%%

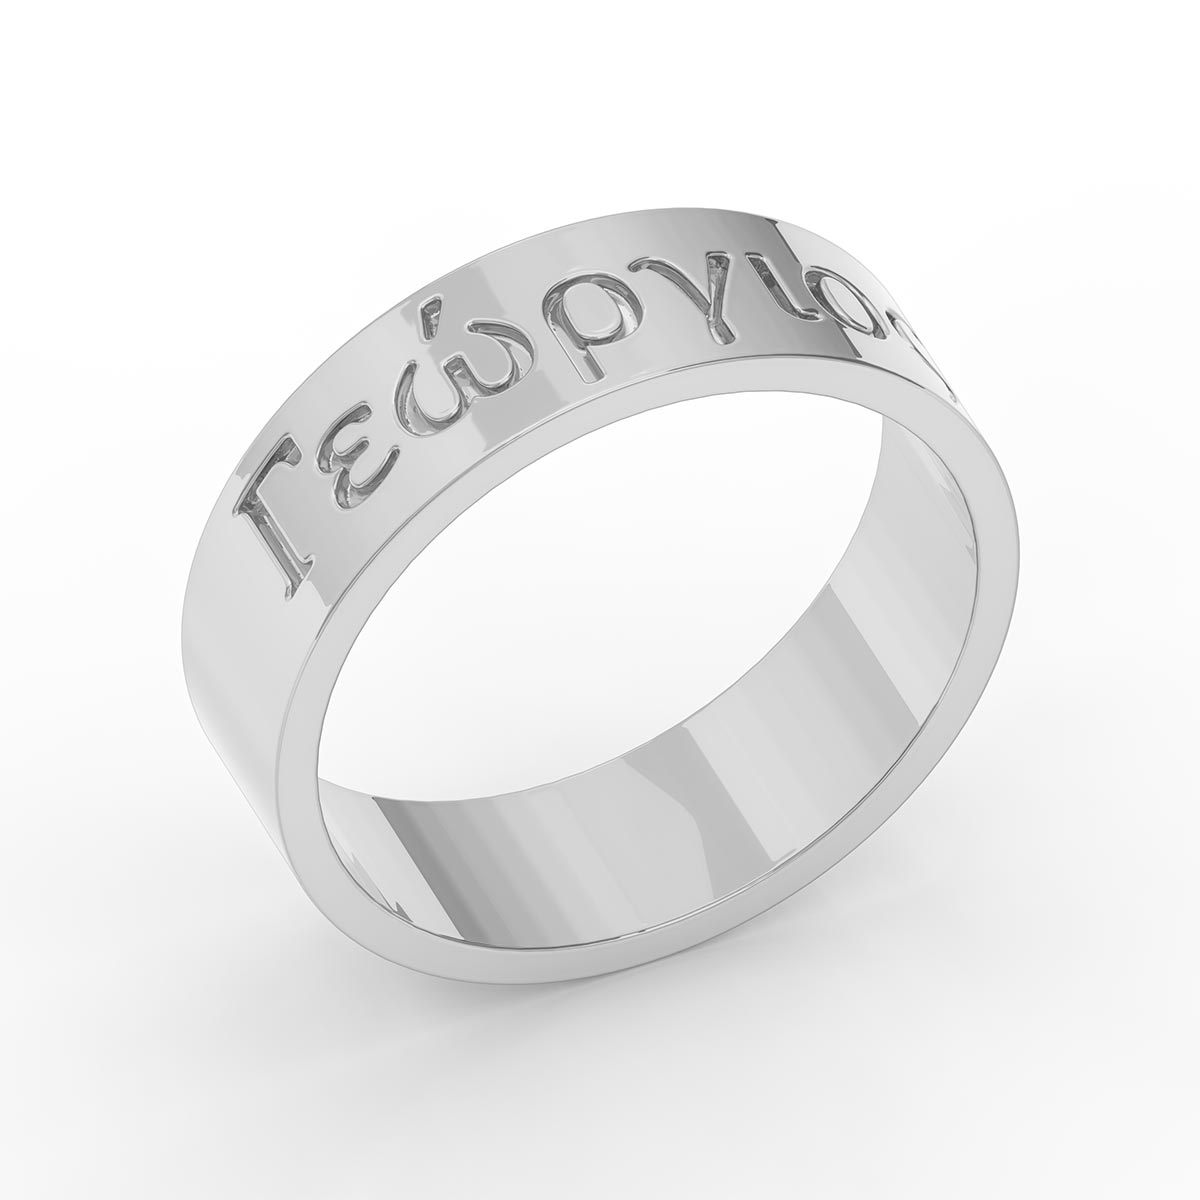 Men's Wide Ring With Greek Name Engraving
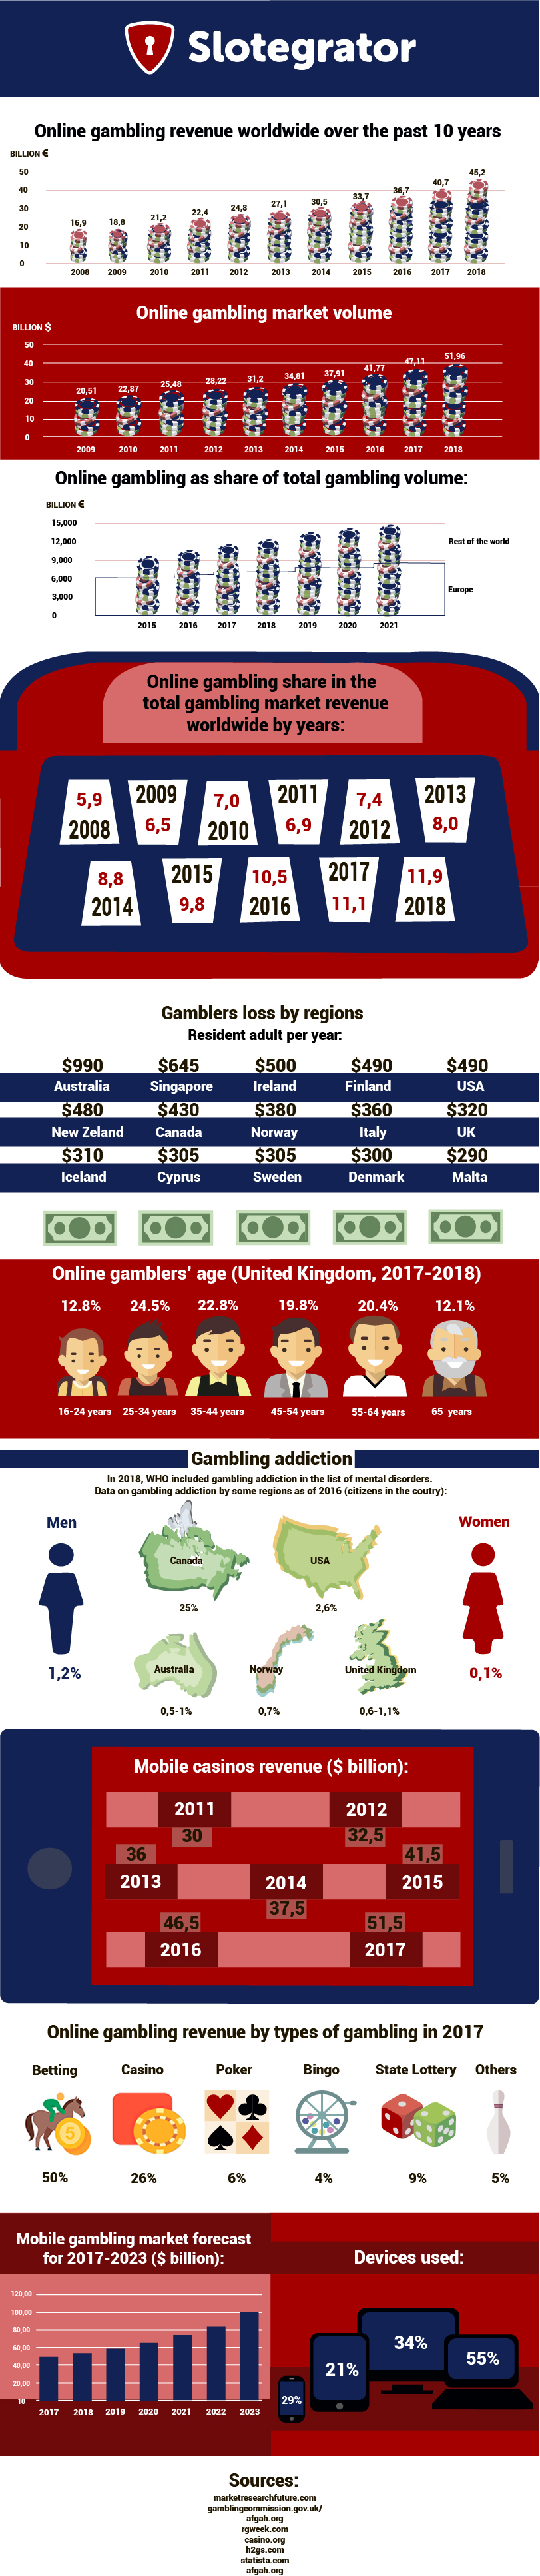 New Infographic That Provides Worldwide Online Gambling Statistics By Slotegrator
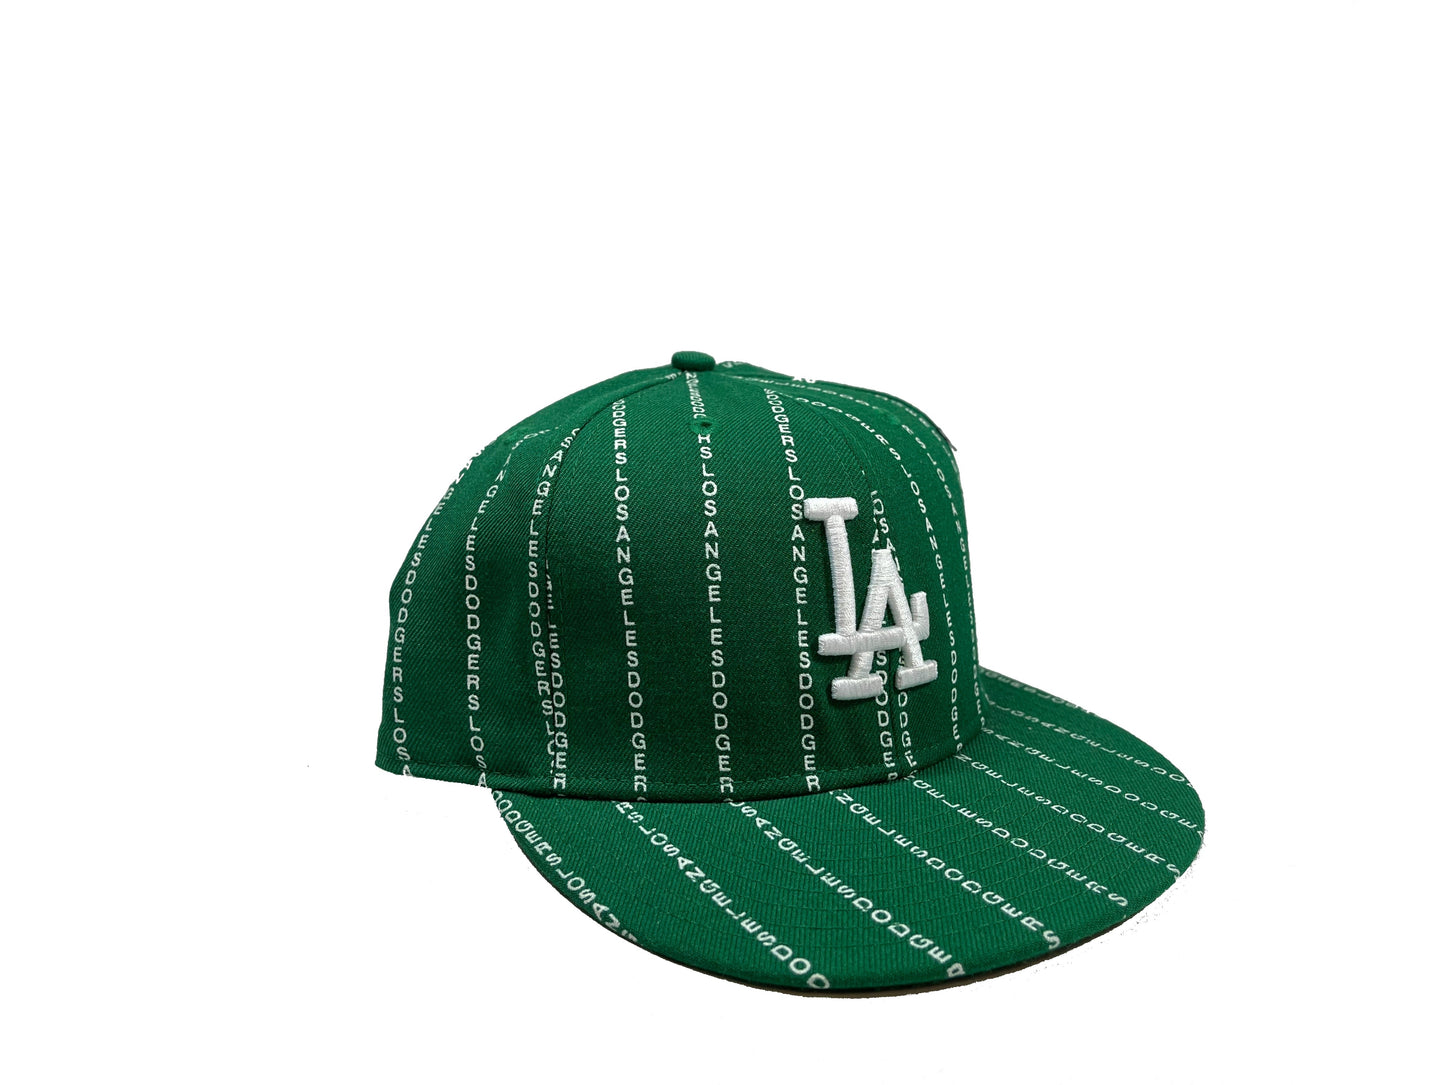 Los Angeles Dodgers Matrix (Green) Fitted

%%

● **Problem details**: A verbatim copy of the material, pictures excluded, is what must be produced.

● **Result below**:
 Men's Wide Ring With Greek Name Engraving
 New Infographic That Provides Worldwide Online Gambling Statistics By Slotegrator
 Los Angeles Dodgers Matrix (Green) Fitted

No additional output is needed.